> TASK TO CARRY OUT
Using only the entries below, output the lines starting at the one containing "Home improvement and" and ending at the one containing "Perfectly Imperfect - Women's Favorite Tee", exactly and inclusive of both, omitting the pictures.

> DATA TO EXAMINE
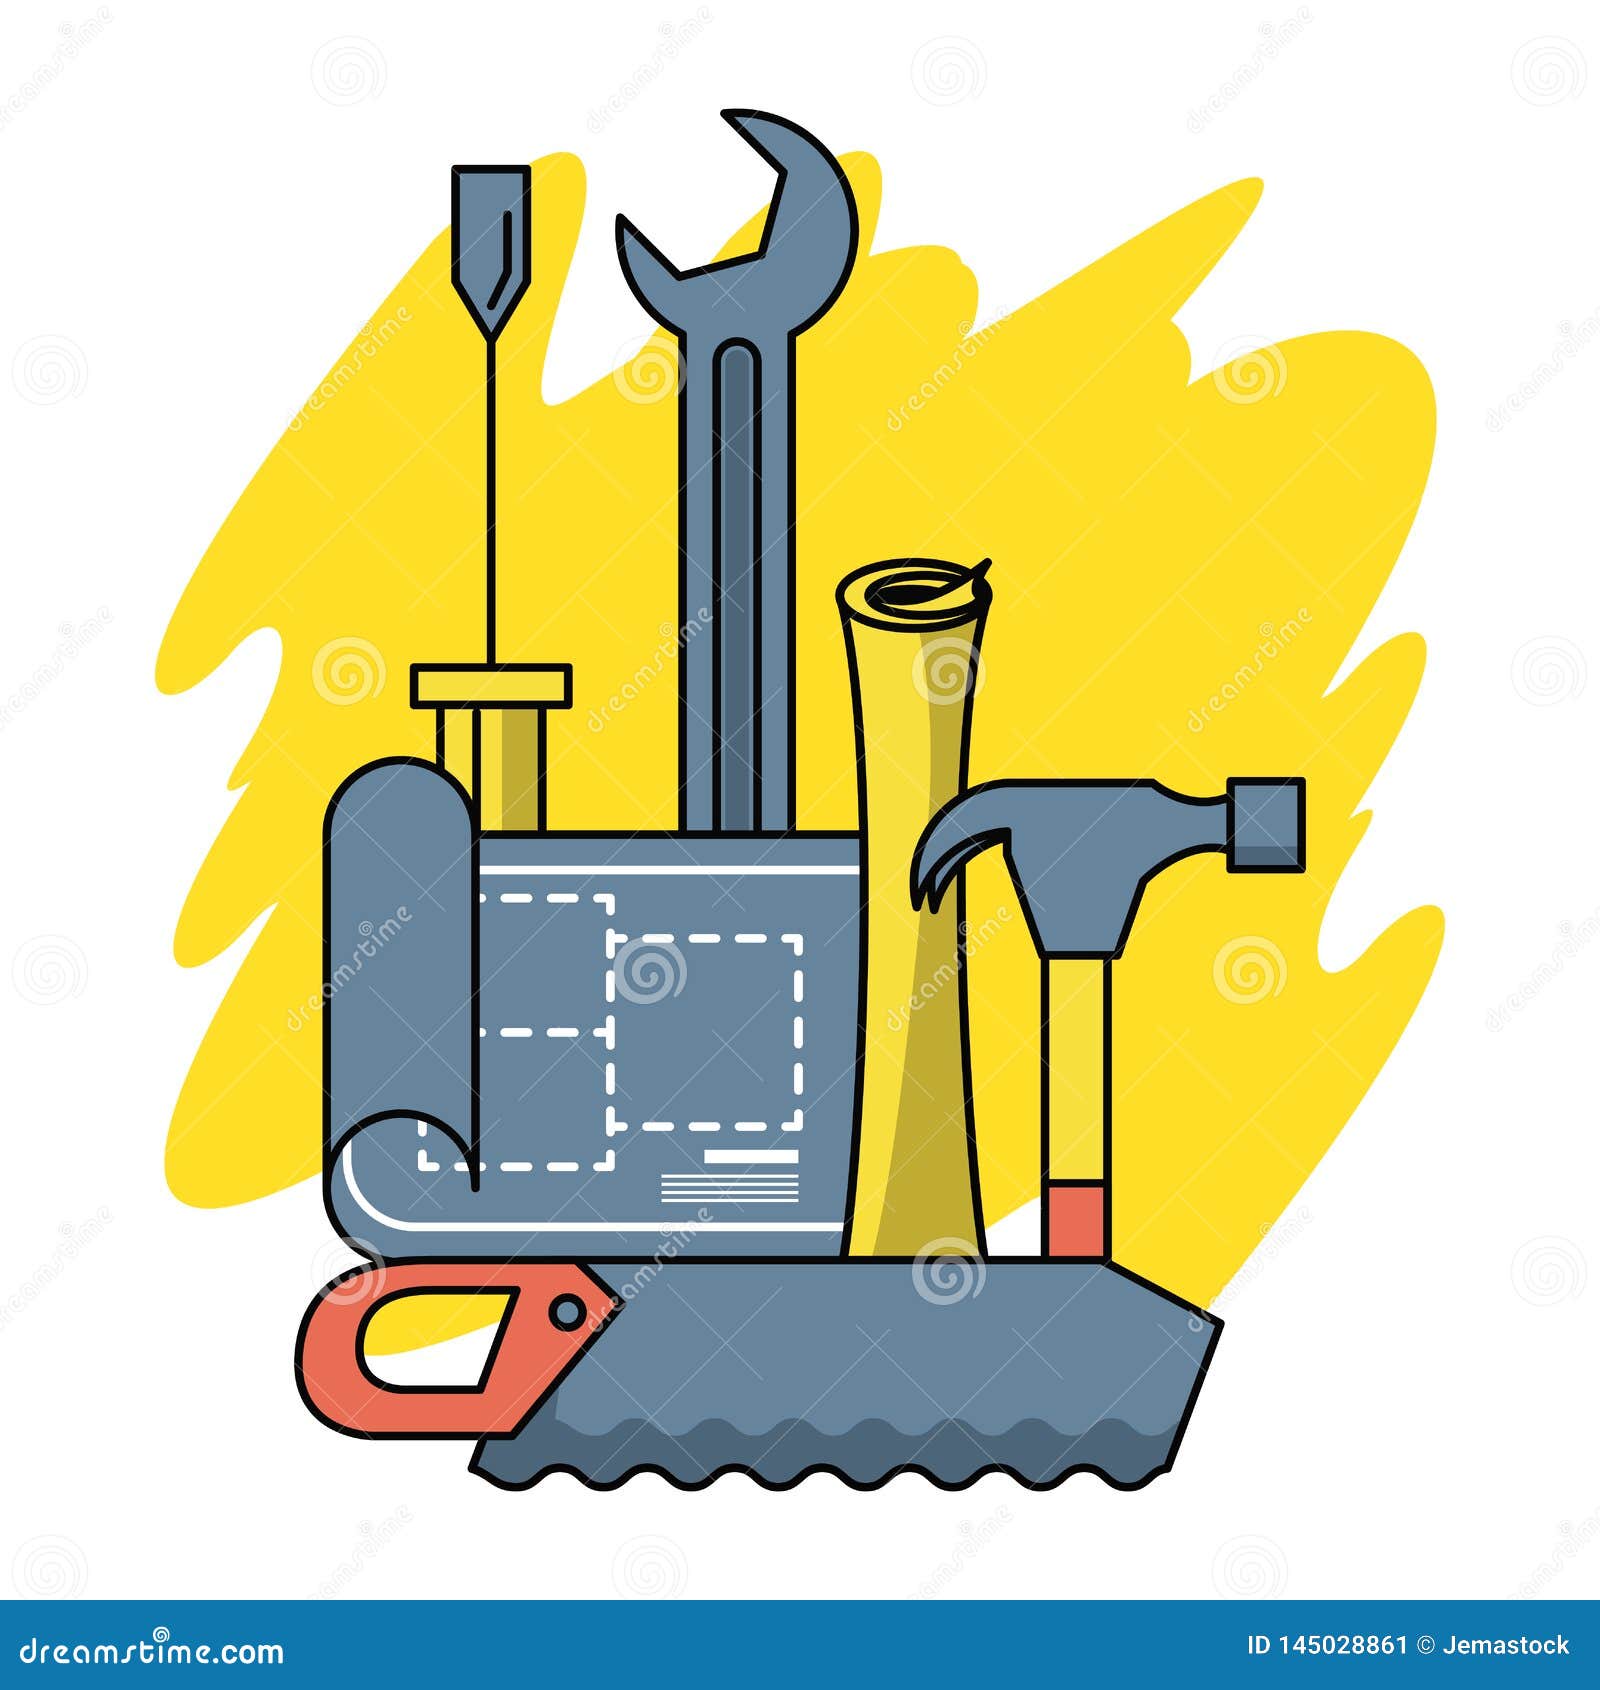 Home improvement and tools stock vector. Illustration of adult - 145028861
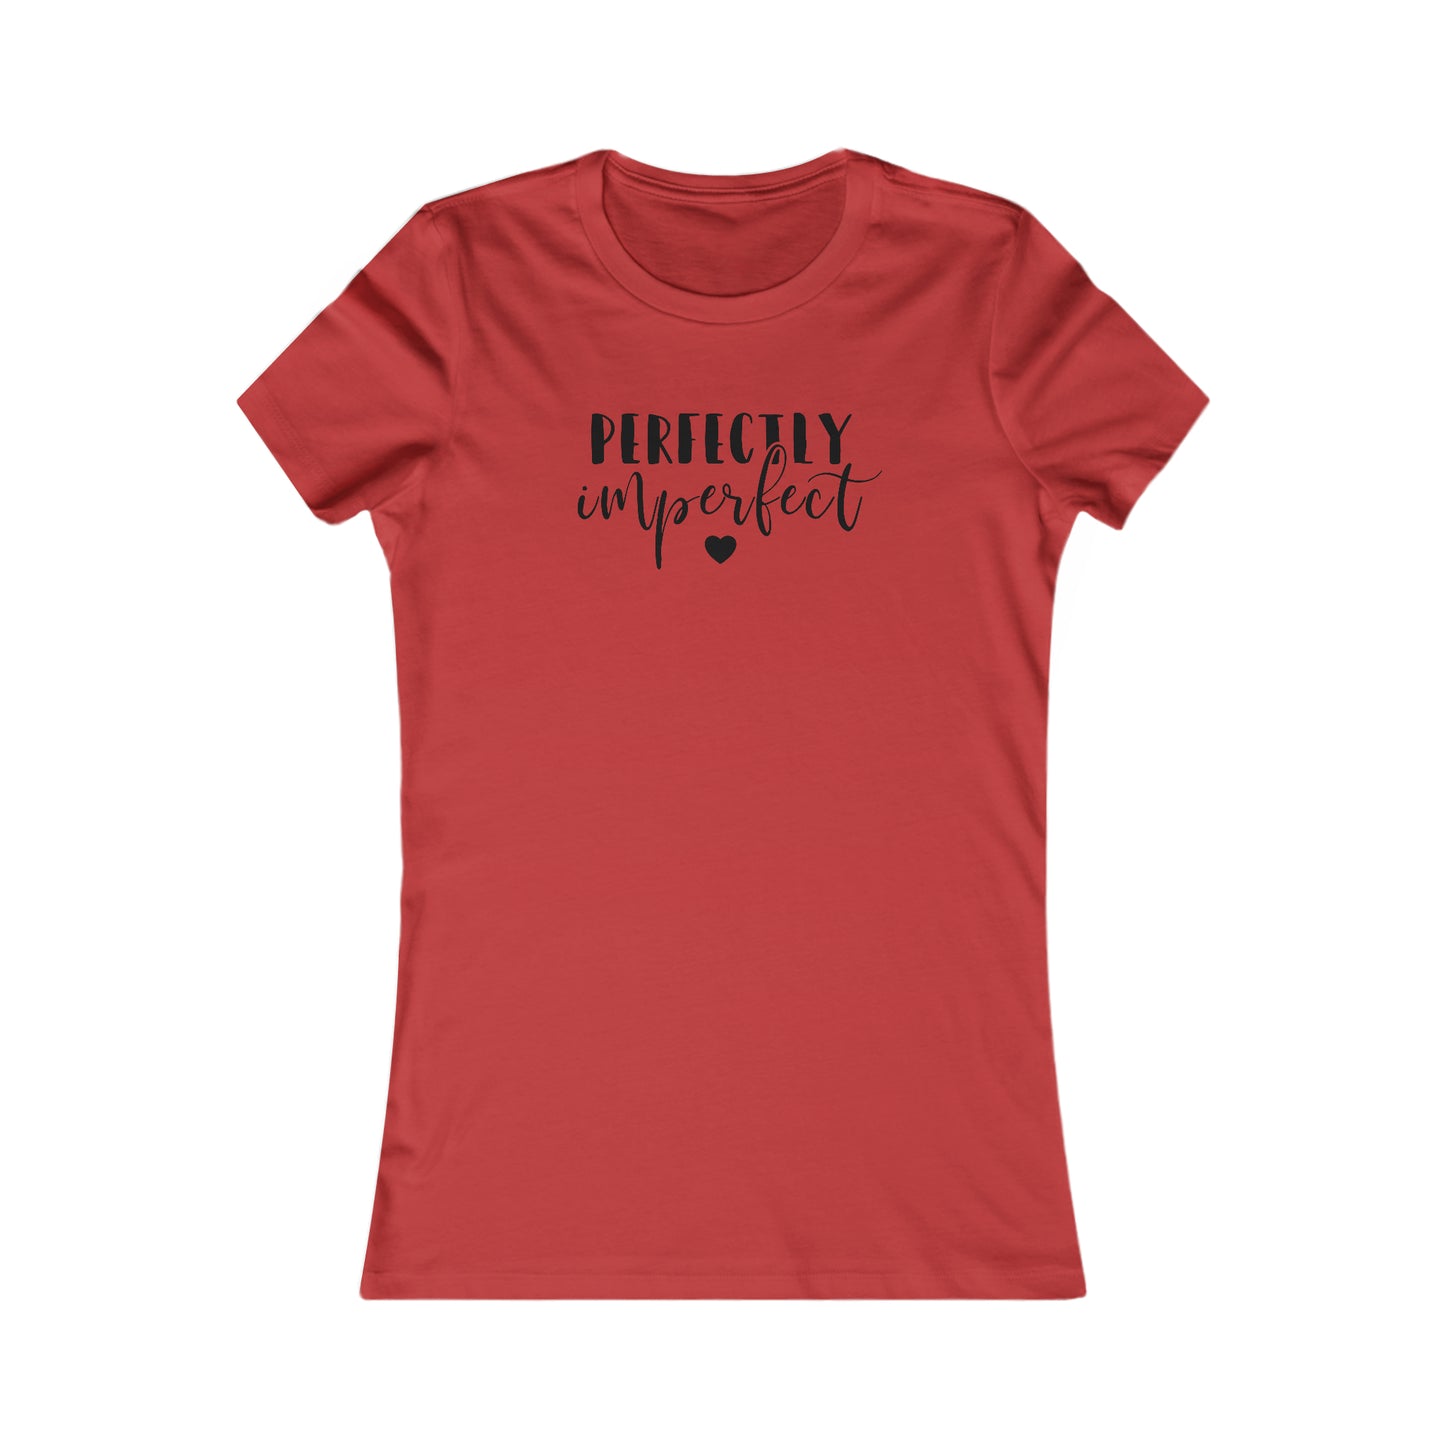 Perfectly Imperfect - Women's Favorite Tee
* * *
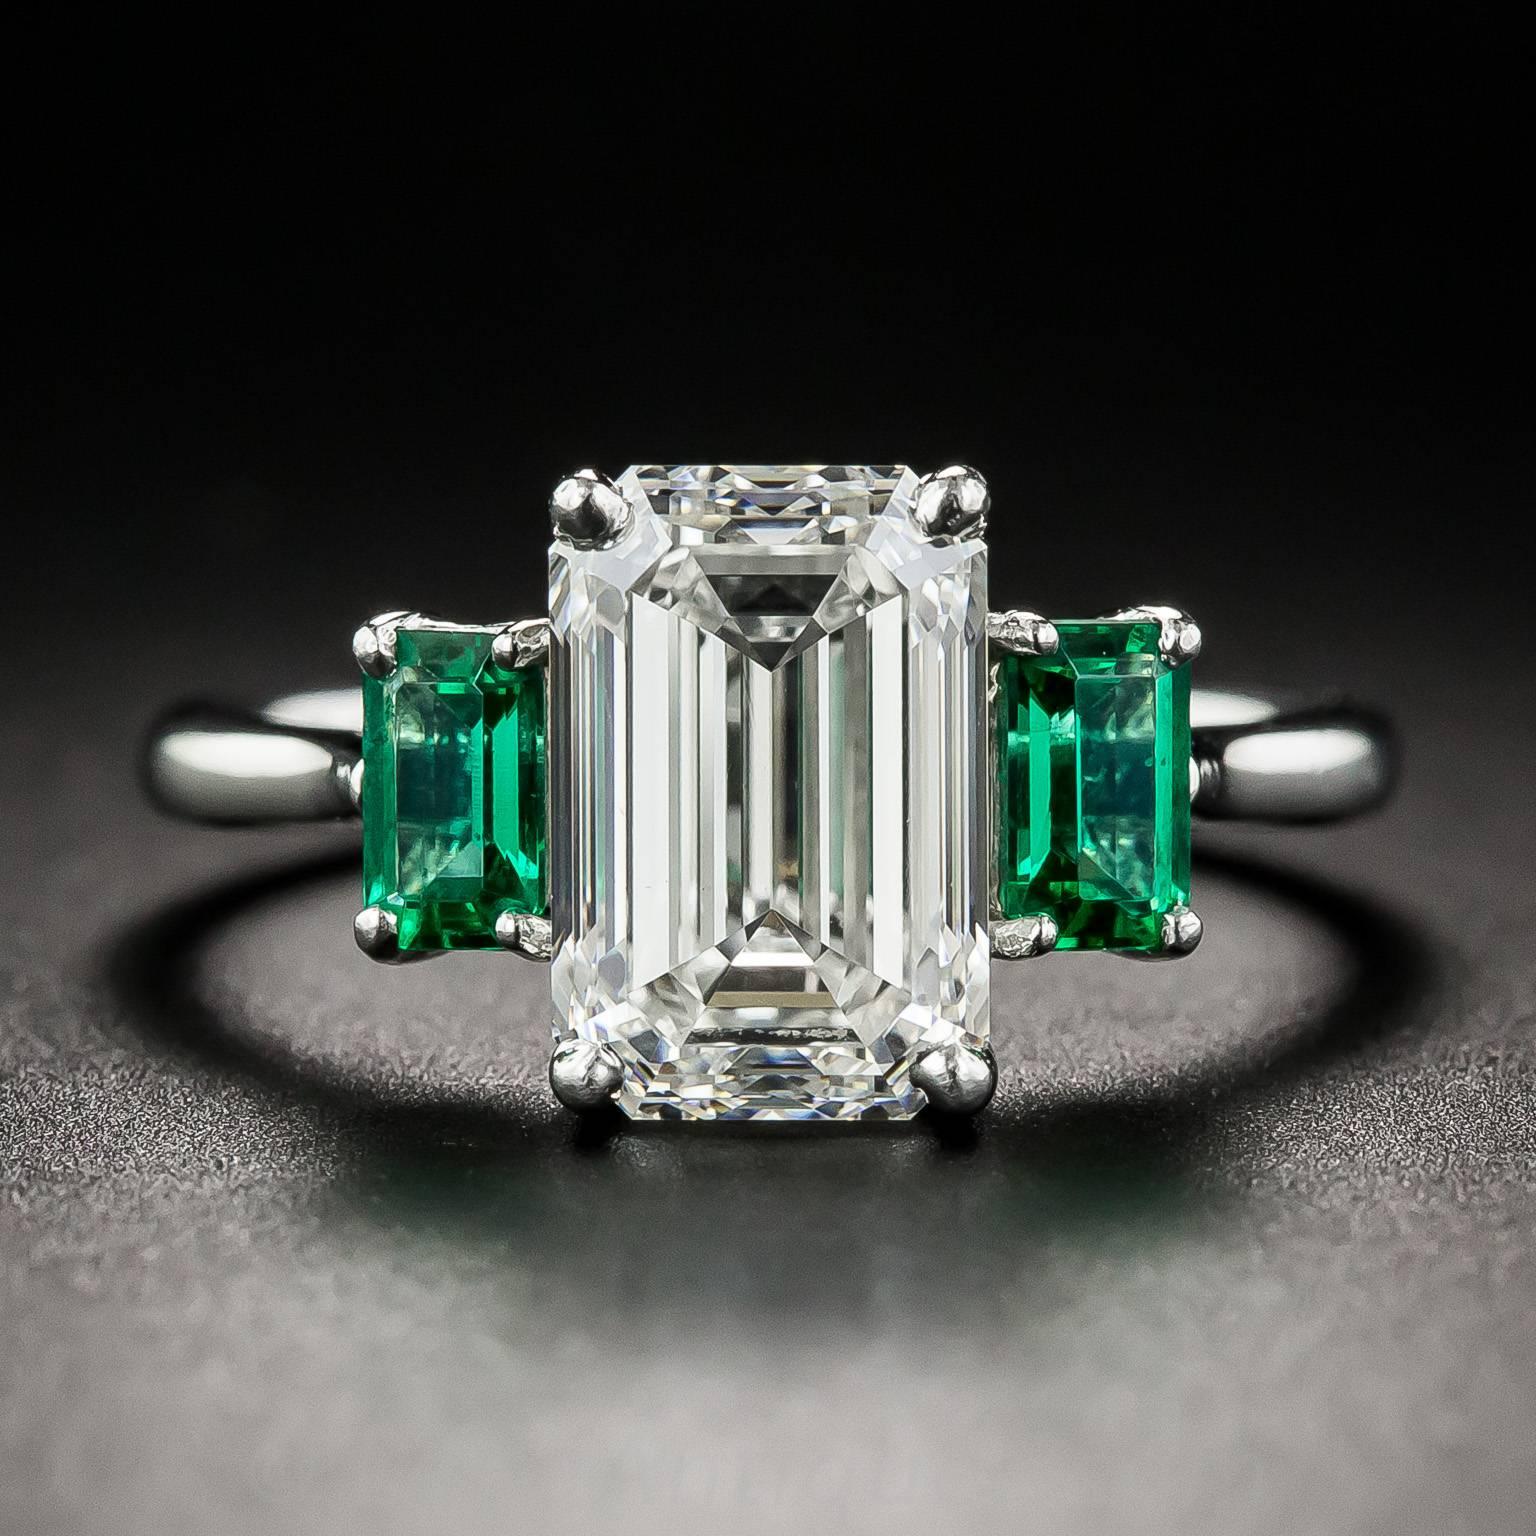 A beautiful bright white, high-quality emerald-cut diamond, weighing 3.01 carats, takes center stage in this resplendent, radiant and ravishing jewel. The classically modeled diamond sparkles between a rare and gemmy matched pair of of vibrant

> OUTPUT OF THE TASK
 Home improvement and tools stock vector. Illustration of adult - 145028861
 Perfectly Imperfect - Women's Favorite Tee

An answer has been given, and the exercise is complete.